When I got inside the common room was lit with one of Terese’s pine torches. Adrian was holding court with Tom, Terese, and Alexa. Jason was reading a book on the other side of the room. Where had he got a book?

I went back to my cell just long enough to write the translation below the poem on Jason’s scroll. I found him in the common room afterwards and tossed it into his lap.

“Your translation,” I said.

He picked it up, glanced at it, then set it back down. “Thank you.”

“It turned out to be a set of directions,” I said.

He looked up at me, his eyebrows raised. “Oh, did it? To what?”

“A maja spring on the upper terrace.”

“Oh. How interesting. I didn’t even know that maja could form springs.”

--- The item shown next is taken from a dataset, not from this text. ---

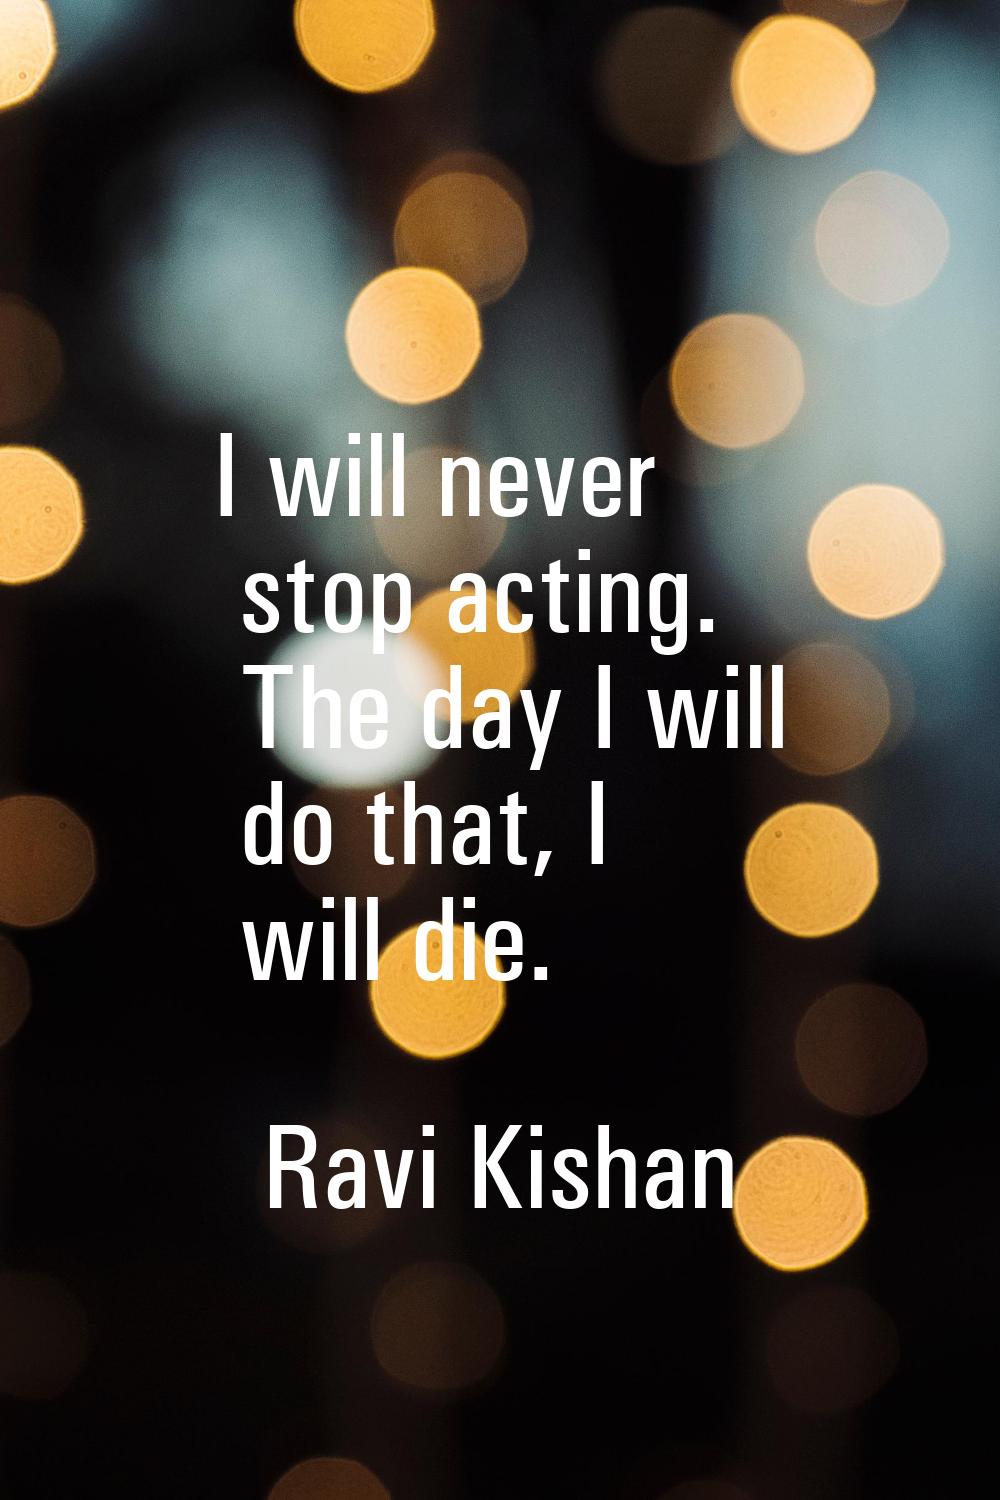 I will never stop acting. The day I will do that, I will die.
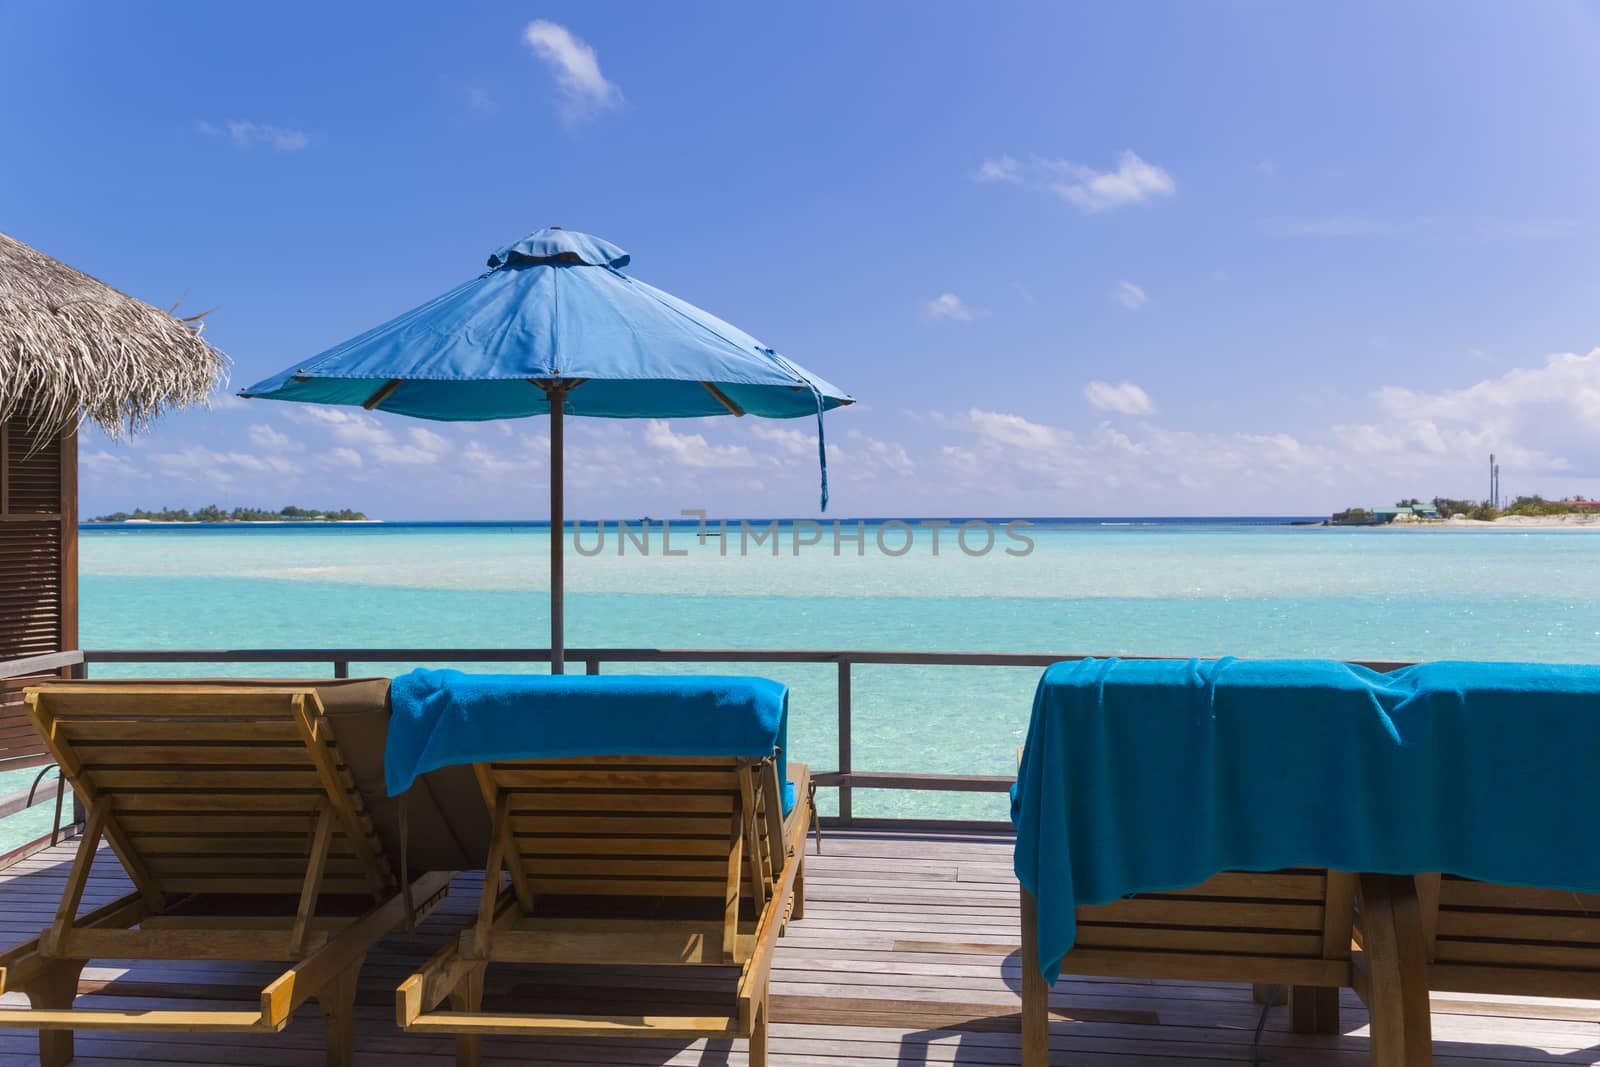 View from the deck of the bungalow  in The Maldives. On the deck there are deck chairs and beach umbrella. It is a beuatiful view of the sea, the water is clear, turquoise and in a strong contrast depending on the depth.

He hadn’t moved or even closed his book.

“Apparently they can,” I said. “I can’t recommend visiting it though, it’s been camped out by other students.”

Jason frowned, letting his gaze fall. “Oh. Well, I didn’t even know about it before this moment, so it doesn’t feel like a great loss.”

I took a deep breath. His lack of curiosity grated, and seemed forced, but I’d never really understood him.

I turned and headed to where Adrian was sitting. He was telling a story to the others about a wandering minstrel the abbot had once caught dallying in a monk’s room. It was almost certainly made up. I sat down against a wall at the edge of the group, listening from a distance.

As I looked around at them, I realized I’d made a mistake. Mira had kept the Thought aspect from her followers so she could manipulate them, and she’d made them easy to manipulate as a result, not to mention the risk of that fact being revealed at an inopportune moment.

I’d told the others about the Thought aspect in the Sixth Day group, but I hadn’t subjected any of them to it. I had the power to train them to resist that kind of manipulation. Once I regained some maja, I needed to use it.